12 views (last 30 days)
I have learned recently, that anonymous functions can carry around large amounts of extra data from the workspace that they don't use, even if this data is created after the anonymous function. The following example, together with the FUNCTIONS comand, illustrates this,
function fun=test
a=1;
b=2;
c=3;
fun=@(x)x+b+a;
a=7;
b=rand(1000);
c=5;
q=3;
r=4;
end
Now, back in the base workspace, when I apply the functions() command to 'fun', I see
>> fun=test; s=functions(fun); s.workspace{:}
ans =
b: 2
a: 1
ans =
fun: @(x)x+b+a
a: 1
b: [1000x1000 double]
c: 3
I would like to understand (with official documentation if possible) what rules anonymous functions use to decide what data to carry around. The above seems to suggest that s.workspace{1} will always contain the external variables and their values that the anonymous function actually uses.
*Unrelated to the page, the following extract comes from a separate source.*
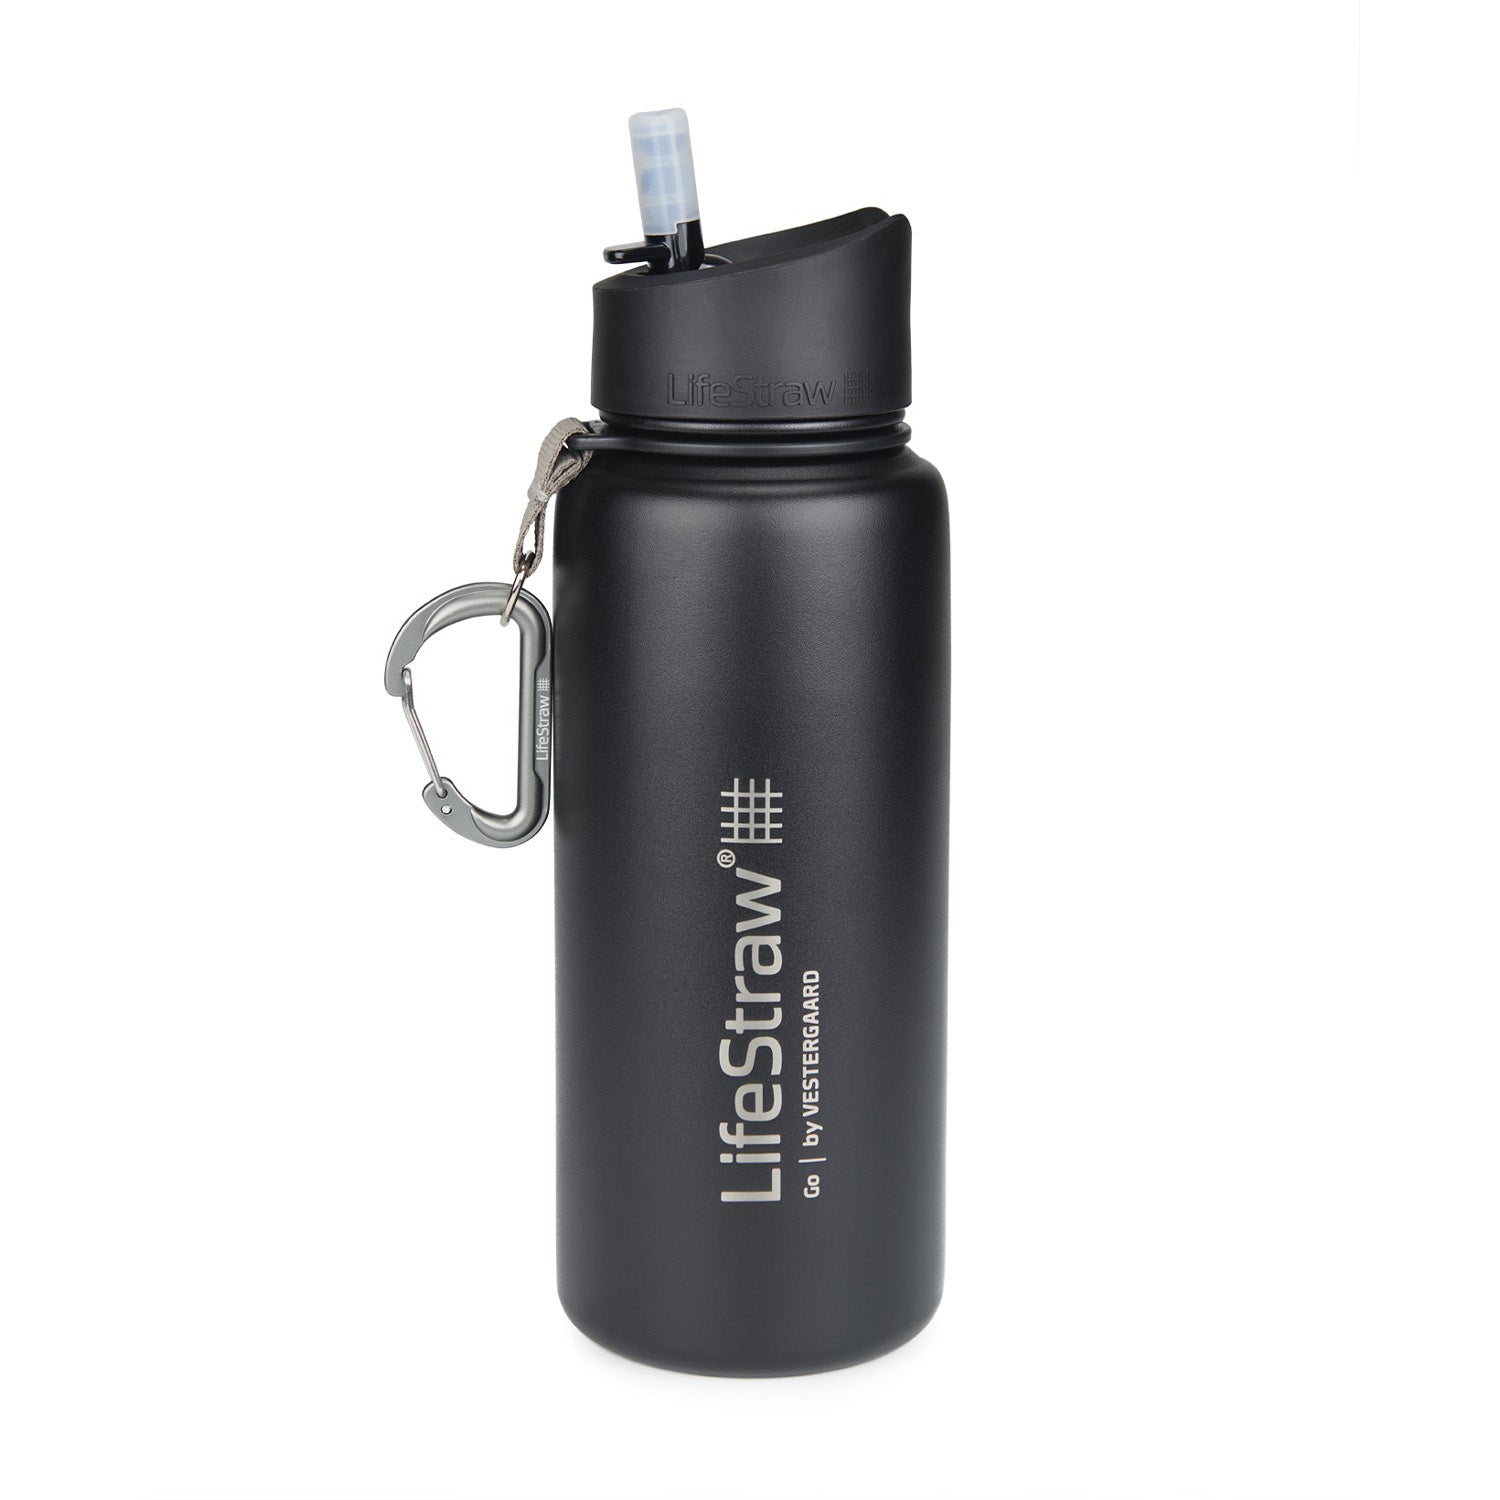 Analyzing image  LifeStrawGo_Funktionen  1500 × 1500 Pixel  Outdoor Filterflasche, Trinkflasche mit Wasserfilter

Meanwhile s.workspace{2} seems to contain updates to variables that came into scope before fun was defined. Am I correct that these are the rules? But if so, then why, in the above, does s.workspace{2} contain an update to b, but not to a and c?

Accepted Answer

Philip Borghesani
Philip Borghesani on 10 Feb 2014
Edited: Philip Borghesani on 10 Feb 2014
I will start my answer with a quote from the documentation of functions:
The functions function is used for internal purposes, and is provided
for querying and debugging purposes. Its behavior may change in
subsequent releases, so it should not be relied upon for programming
purposes.
The output from this function for this code WILL change in a future version of MATLAB and can change in your current version:
>> fun=test; s=functions(fun); s.workspace{:}
ans =
b: 2
a: 1
ans =
fun: @(x)x+b+a
a: 1
b: [1000x1000 double]
c: 3
>> feature accel off
>> fun=test; s=functions(fun); s.workspace{:}
ans =
b: 2
a: 1
ans =
fun: @(x)x+b+a
a: 7
b: [1000x1000 double]
c: 5
q: 3
r: 4
workspace{2} will contain the final state of the function workspace at exit but might not take into consideration non-visible changes to that workspace that are optimized by the jit.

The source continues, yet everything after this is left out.